On eclipse day they left the villa at 9am in order to ensure pole position on the sand and when I drifted down at 1ish they were already rapt in the frenzy of first contact. Shouting instructions and information at each other, Charles insisted I translate information to the local Turks who to my eye seemed quite happy on their plastic chairs, peeling and slicing apples blissfully ignorant and fumbling with newspaper give away specs. As time wore on the first thing that was noticeable was the drop in temperature, I shrugged on a jacket and a lady previously bikini sunbathing opposite us (and showing two beautiful peachy moons) put on clothes and then a towel around her shoulders. The drop in light was largely imperceptible as my eyes adjusted incrementally and I watched the others scampering around casting eclipse shadows through their straw hats and projections via their binoculars, all the time constantly chattering. It became obvious that one of the things I had been looking forward to, the sudden stilling of bird calls and insects buzzing, would be impossible to notice over the hum of human activity.

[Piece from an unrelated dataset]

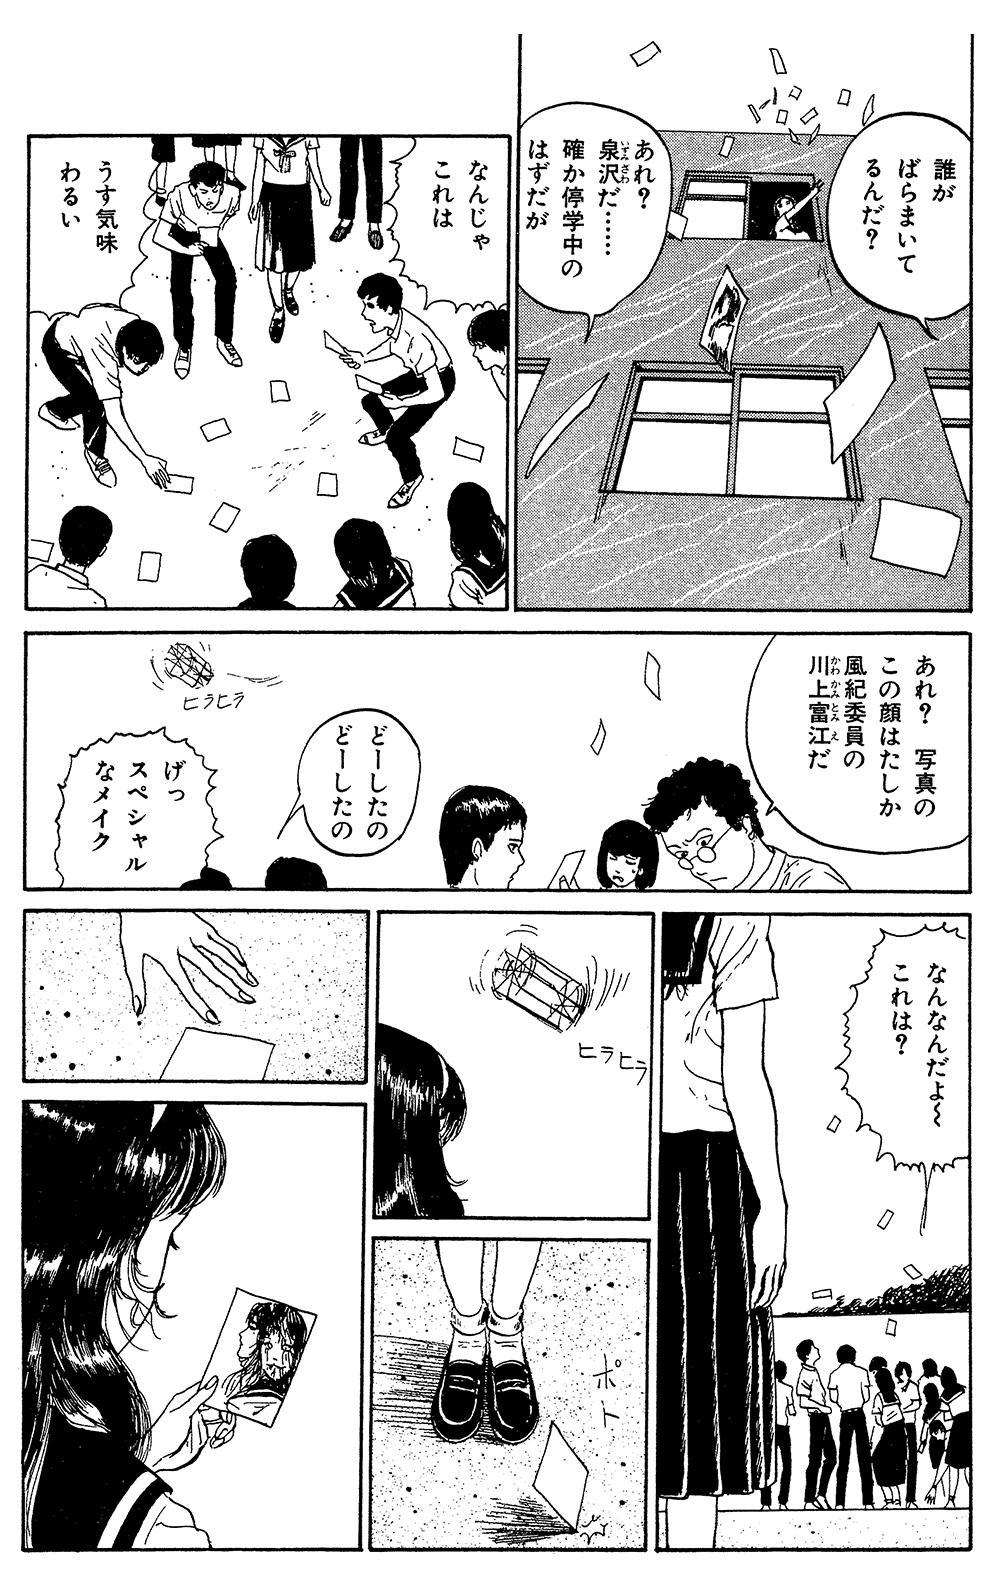 伊藤潤二傑作集 第4話「富江 写真」③junji12-05.jpg

With five minutes to go before totality the sky was dark and I was surprised at my apprehension. Primal fears came flooding in unbidden, I stared obsessively at the horizon willing myself to believe that the thin white line I could see was not a huge Tsunami wave rumbling towards us. As totality occurred and the people around me cheered and whooped I didn’t share their joy, my heart rate was right up and my skin prickled in discomfort and disquiet. I stared up at the black sun and concentrated hard on the light of the corona. When the moon slipped away I smiled involuntarily and took a deep breath, without being aware of it, my tension had caused me to lock my chest and lungs.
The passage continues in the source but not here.